DATA EXTRACT -
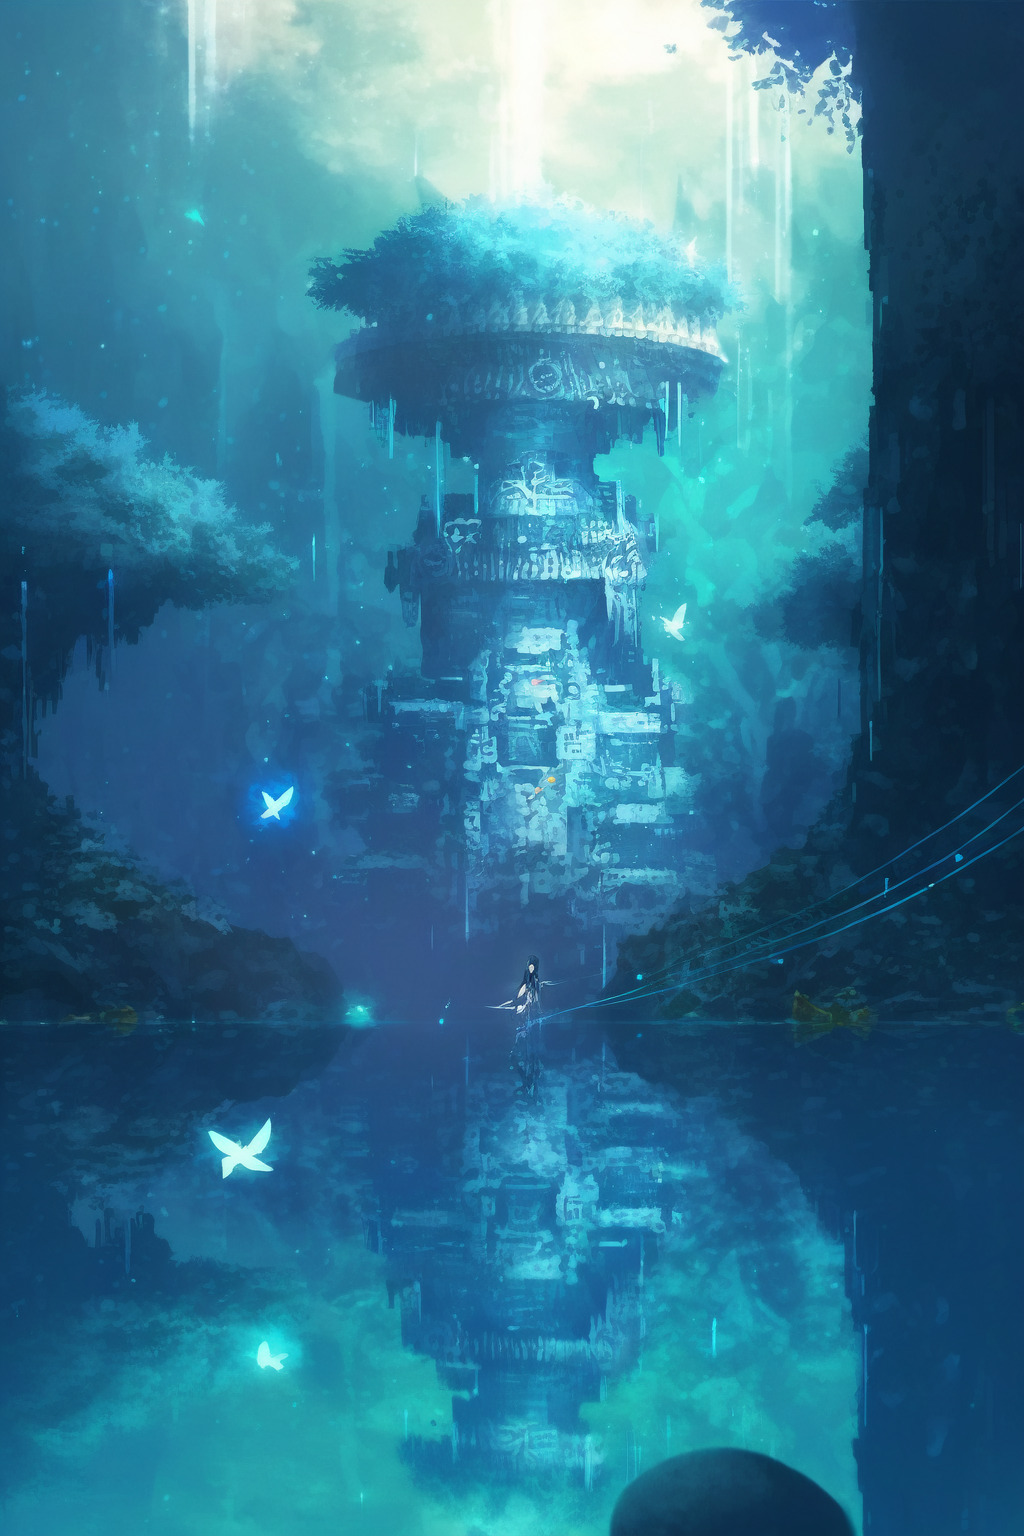 Аватар: путь воды аниме
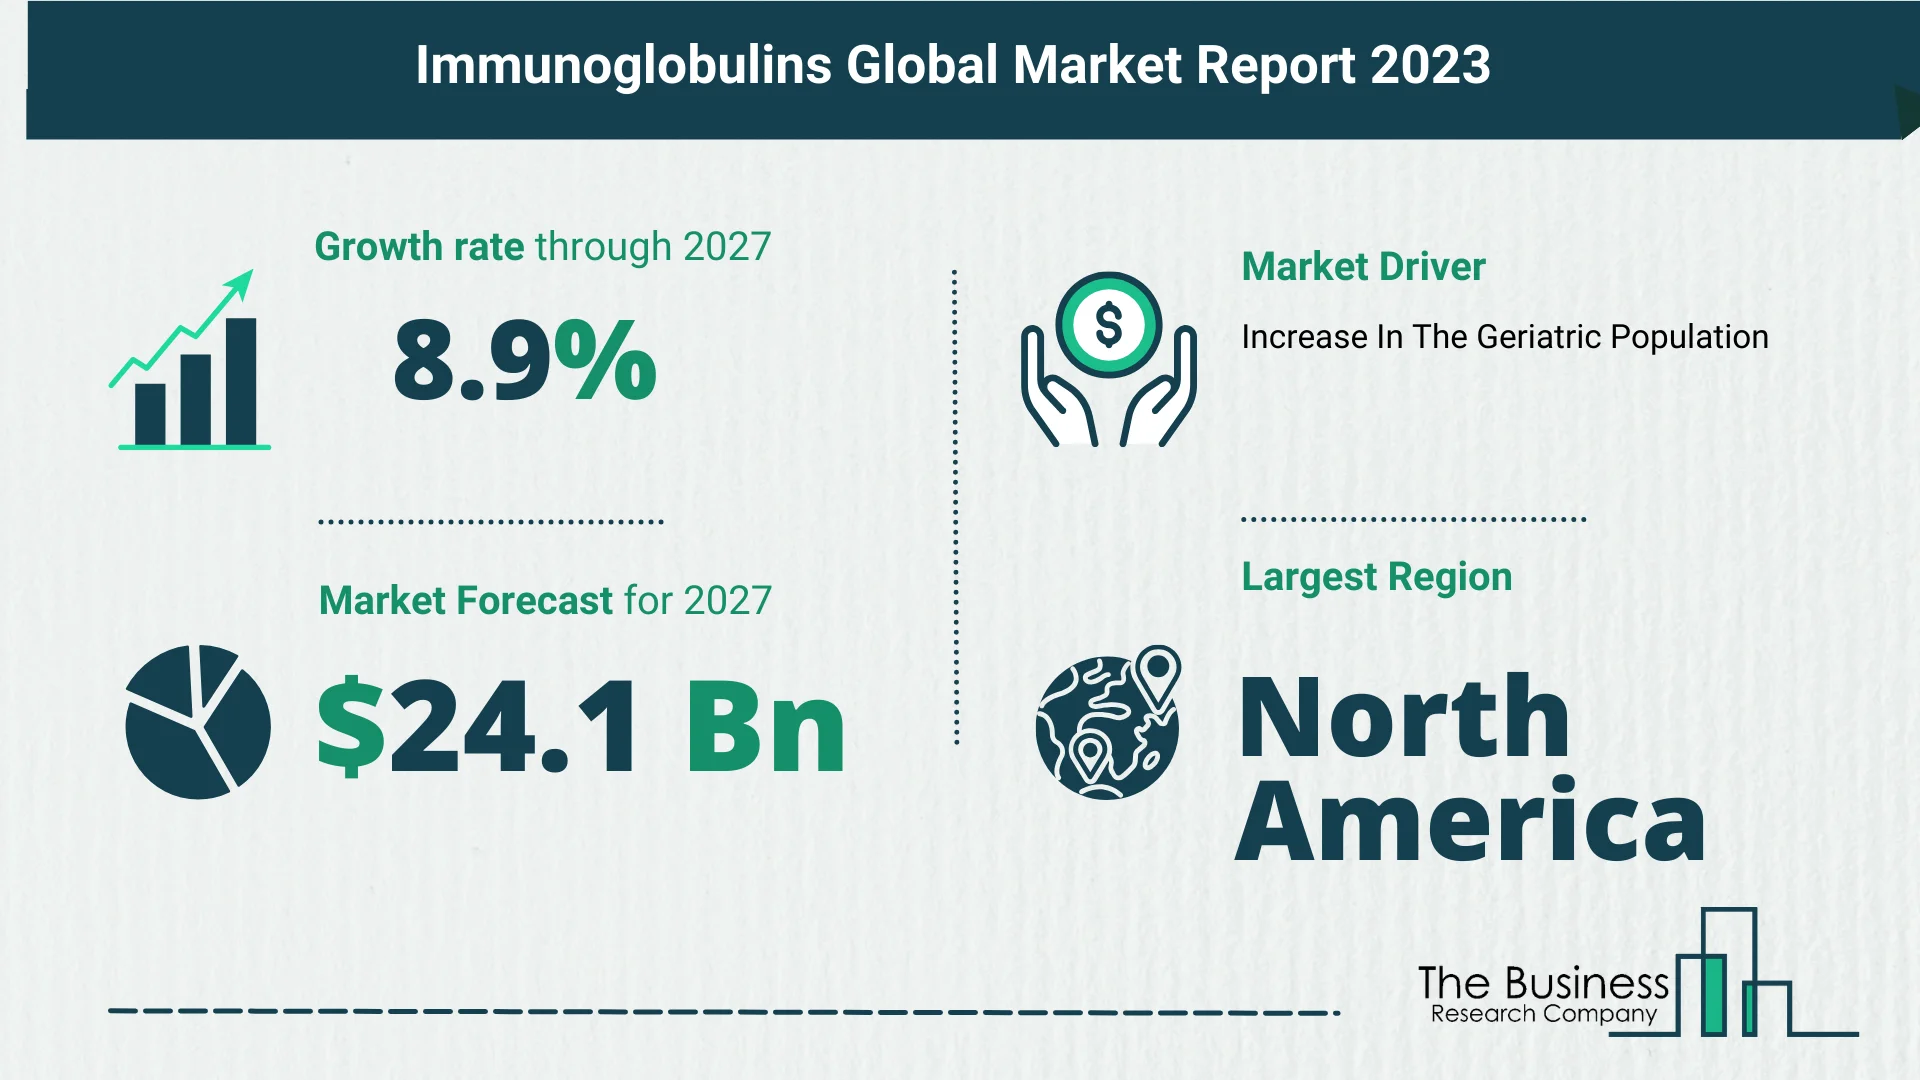 Global Immunoglobulins Market Report 2023 – Top Market Trends And Opportunities
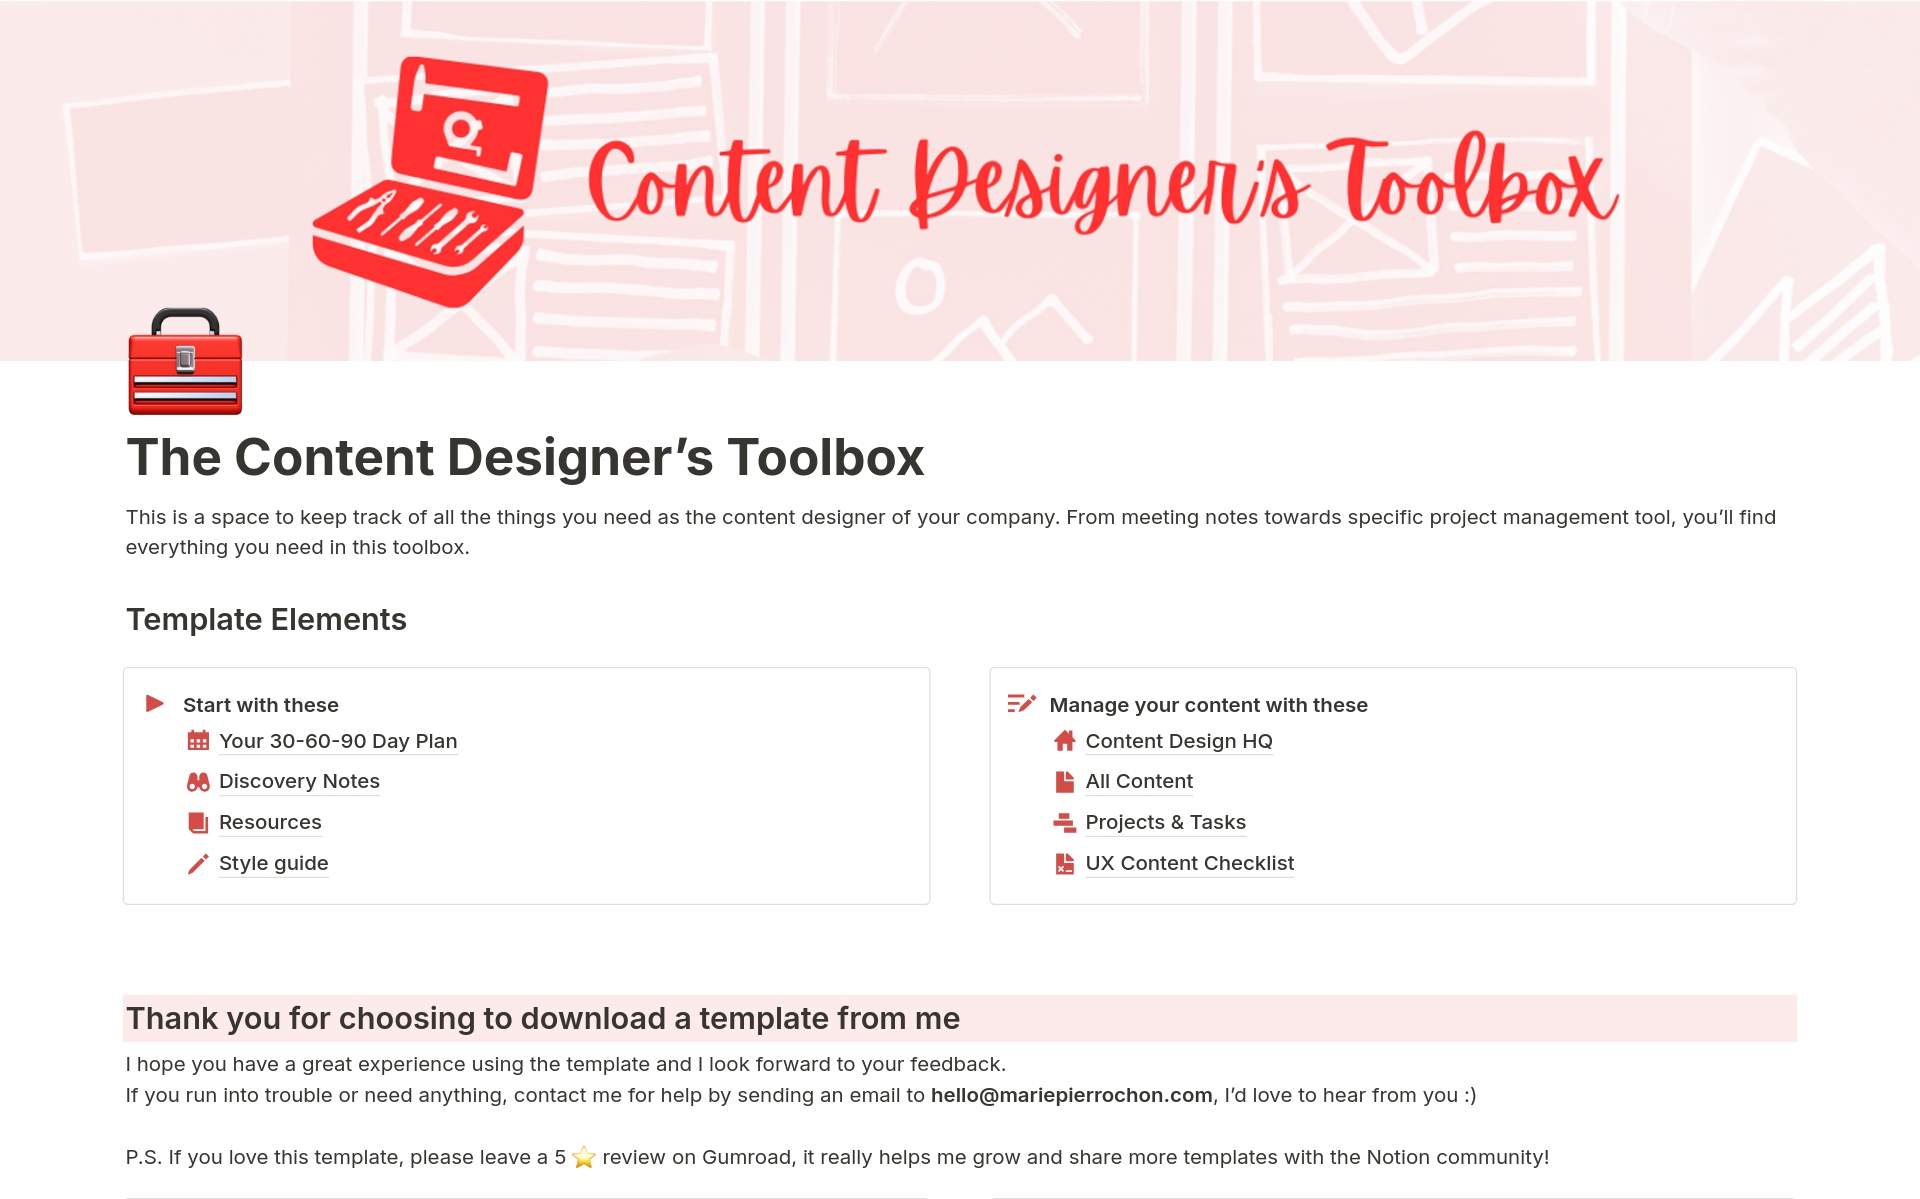 Uma prévia do modelo para Content Designer's Toolbox

WHAT THIS TASK INVOLVES -
Would you set down each line of the data exactly, with no images included?

EXERCISE ANSWER -
 Аватар: путь воды аниме
 Global Immunoglobulins Market Report 2023 – Top Market Trends And Opportunities
 Uma prévia do modelo para Content Designer's Toolbox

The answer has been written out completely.